We ended the week, and opened a new month and quarter, with the jobs report.
Not surprisingly, the data on Friday morning showed a very hot labor market, and hot economy;
Unemployment is 3.6% -Â just a tenth of a percentage point away from pre-pandemic levels, which were 50-year lows.
The economy added 431k jobs - that number will be revised higher by this time next month, as it has for eleven consecutive months. In fact, last year the labor department undershot the final payroll number, every single month, by an average of 158k jobs.
Bottom line: While unemployment is near record levels, the job growth every month is running just about as hot as it was last year, during the biggest "back to work" phase.
What about wage growth?
Year-over-year wage growth was 5.6%. That's a big number, and a big deal. For much of the decade that followed the depths of the post-financial crisis, wage growth was stagnant, below 3%.

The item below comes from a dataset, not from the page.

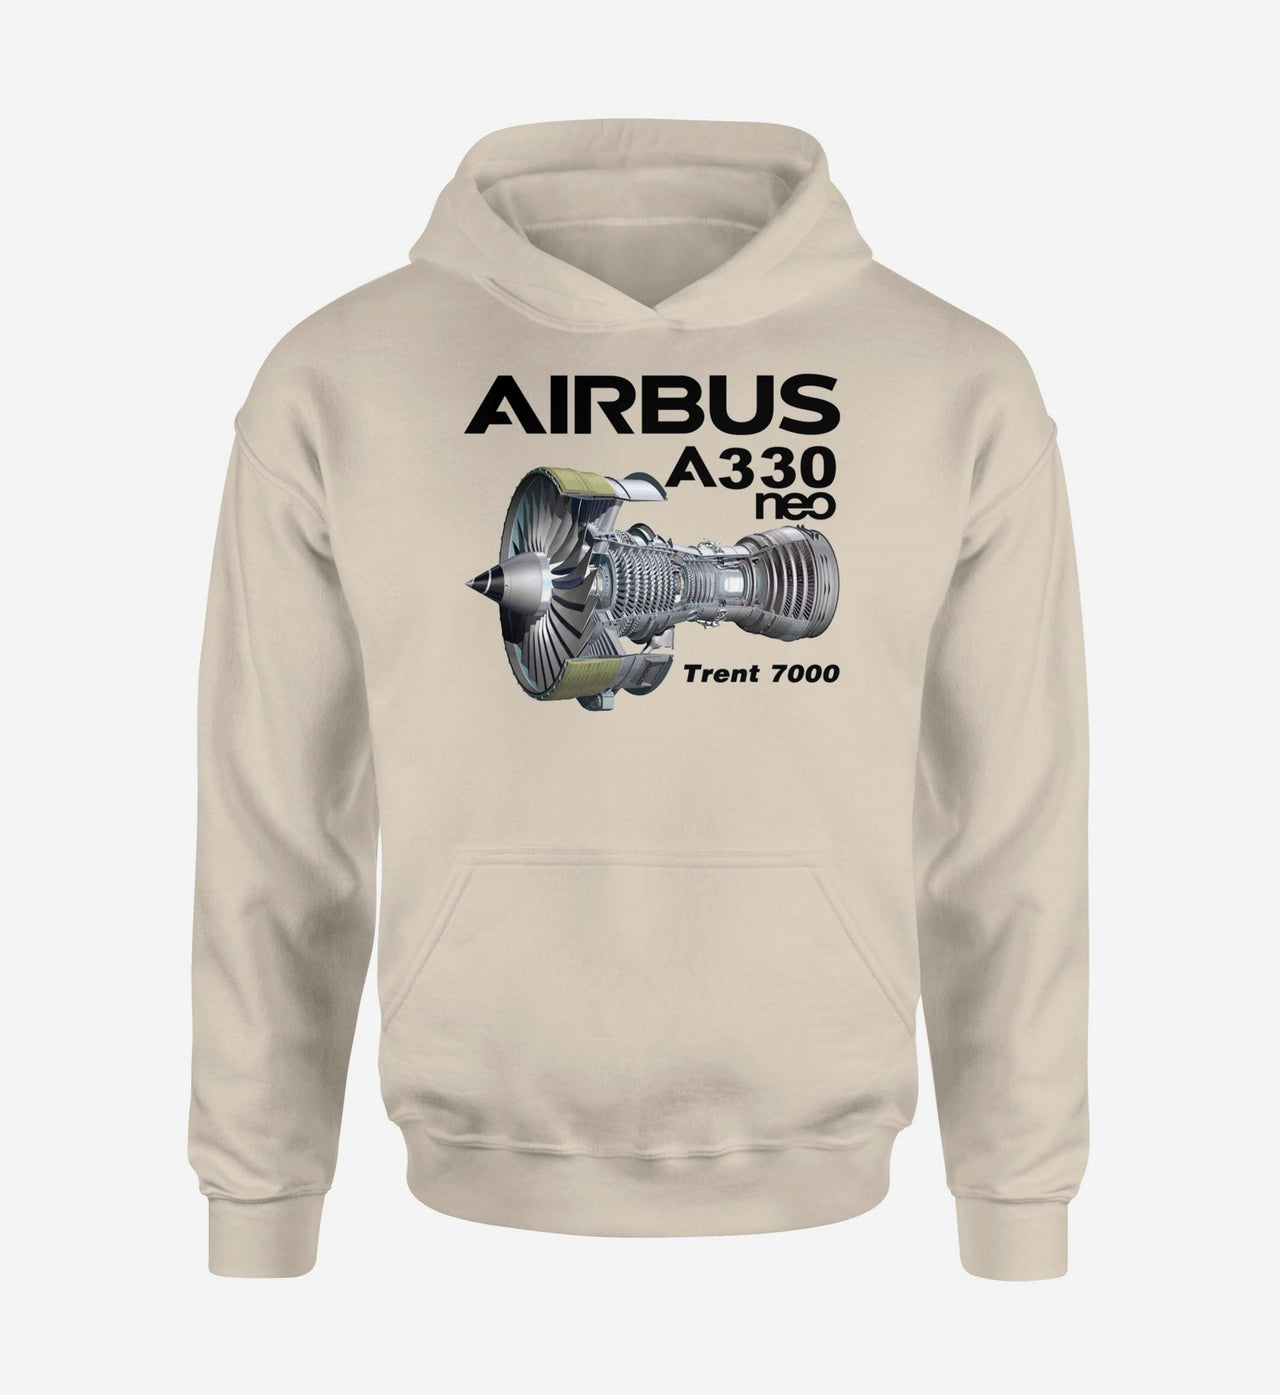 Airbus A330neo & Trent 7000 Designed Hoodies

Guess who wanted 3%+ wage growth as a driver for inflation, to assist in escaping the burdensome and dangerous deflationary forces?
The Fed.
Now they have wage growth (a lot of it), and (still) 11 million unfilled jobs, with employees in a position of strength to continue commanding higher wages - they have every incentive to do so, as the cost of living has outpaced their wage gains.
Again, what does the Fed tell us wage growth does? It feeds into inflation. This is known as a feedback loop. More wage growth > more inflation > more wage growth…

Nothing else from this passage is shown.